And as a stepping stone, I'd suspect the good outweighs the bad here. Not because there will never be a security vulnerability in Rust code because of an unrefactored strcpy in Rust (there very well may be one if there hasn't already!) - but because it will encourage conversion, and thus subsequent cleanup and refactoring, that might not have otherwise happened.

> There are no comments on the safety of that. Is there some way to create bad JSON, get bad UTF-8 into a string, and cause trouble further upstream? I don't know, but somebody "optimized" there, and created a potential problem.

A quick look at blame shows this originally was applied to a buffer that was encode_utf8(...)ed. The refactoring (to remove a libunicode dependency) has made the safety less clear, yes. I could see the use for a method:

  let buf = v.to_str_with(&mut buf);
Ultimately, this is just shifting the "problem" from json.rs to str/mod.rs, but the latter was going to have to deal with unsafe code anyways, as we're getting into the details of "just how is str implemented anyways": https://doc.rust-lang.org/1.4.0/src/core/str/mod.rs.html#125 . Although perhaps there's something to be said for keeping that to the bare essentials as well...

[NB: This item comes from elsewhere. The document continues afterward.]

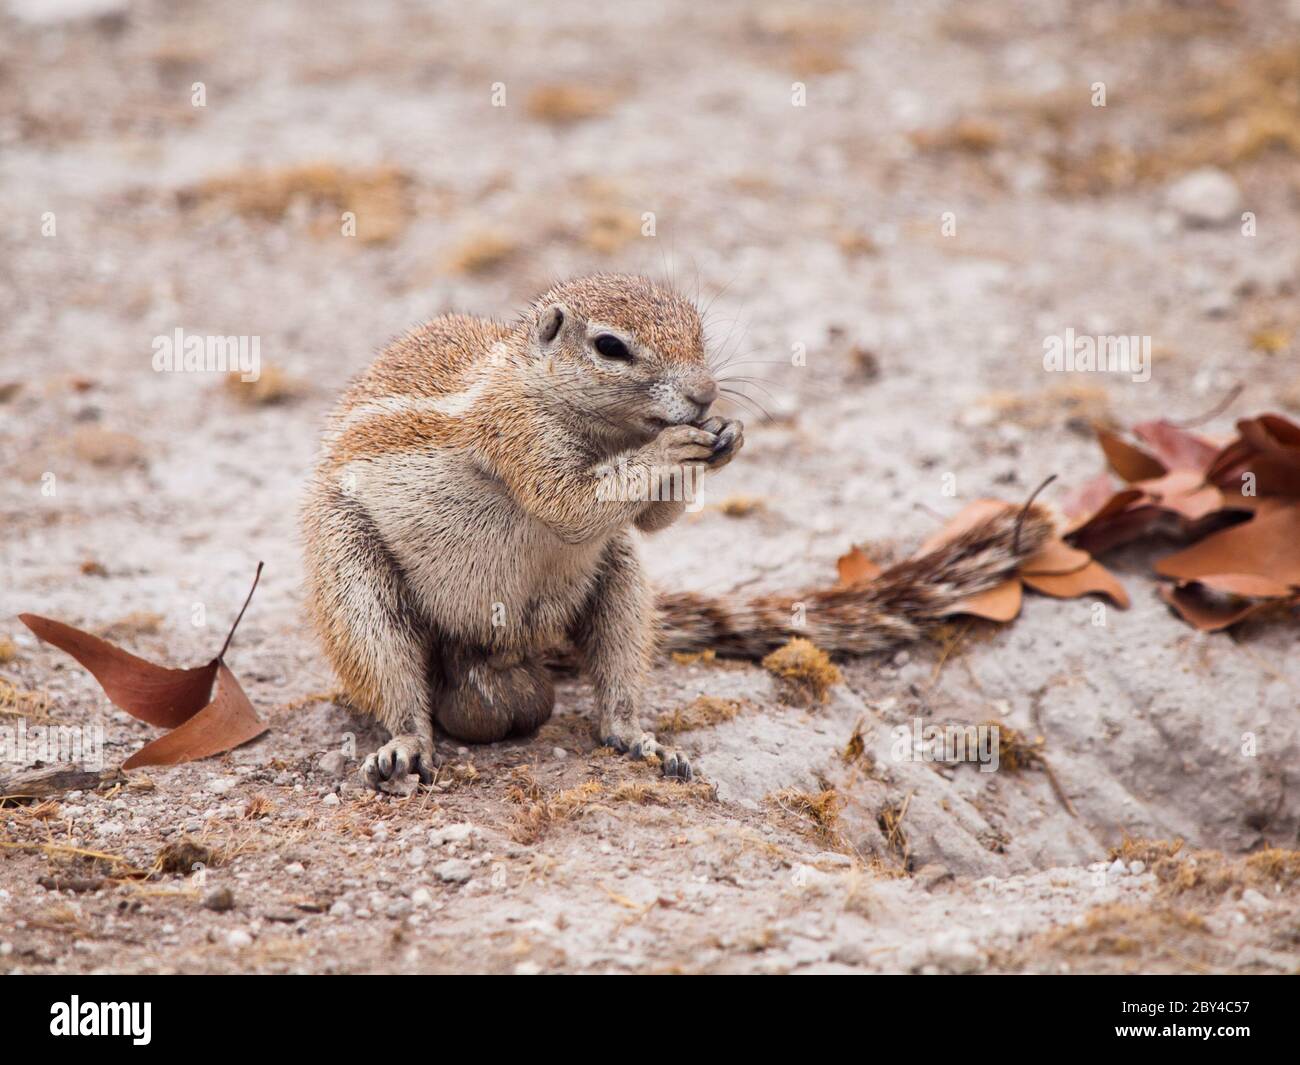 South African ground squirrel, Xerus inauris, sitting and eating, Etosha National Park, Namibia Stock Photo

> Most of these problems are fixable. They're not inherent in Rust. Fixing them is important to Rust's credibility. If Rust is going to replace C++, which it should, the holes have to be plugged. It only takes one hole to create a security vulnerability.

I encourage you to submit pull requests (at least for non-deprecated projects) if you haven't already.

I feel the need to restate the obvious, although I'm sure you're aware already: There will be one hole. In fact, there will be two holes. I dare say there will be no less than three security vulnerabilities, even - for mistakes are inherent to programming. Perfect safety is not an achievable goal - only better safety. Worse - some of the people using Rust are going to have a higher tolerance for unsafe than you. But at least they're no longer using C though, right?

(I'm afraid I'm still using C and C++.)


(I will mention that shifting unsafe to libstd is a good thing, this way you have more eyeballs on it and it's reusable, with less chance of people messing it up elsewhere. This is why a large fraction of what's in libstd is unsafe stuff so that people don't end up implementing their own.)


Unsafe rarely turns up in any of the libraries I've used. Where are you getting this from?


> Everything else with unsafe code is an optimization.

You need unsafe code to invoke a syscall. Doing I/O is not an "optimization".


I suspect removing unsafe is outside of the scope of Rust.

Rust tries to help you as much as possible but recognizes that it sometimes gets in the way and provides an escape hatch. The idea is to minimize and abstract the use of the escape hatch so its easily auditable.

I wish they hadn't named the escape hatch "unsafe". I think I heard the name came from PL theory but it makes it sound scarier than it is.

I remember hearing something about wanting to improve documentation around unsafe for how to best use it without running into problems.


IMO it's good that it's scarier than it actually is :)

http://doc.rust-lang.org/doc/stable/nomicon/ is the documentation for unsafe. I do plan on improving it heavily, but I'm very busy right now, and I'd like to wait for some of the unsafe semantics stuff to be pinned down so that I can go in full depth when I write this.


Thanks for your work

> I'd like to wait for some of the unsafe semantics stuff to be pinned down so that I can go in full depth when I write this.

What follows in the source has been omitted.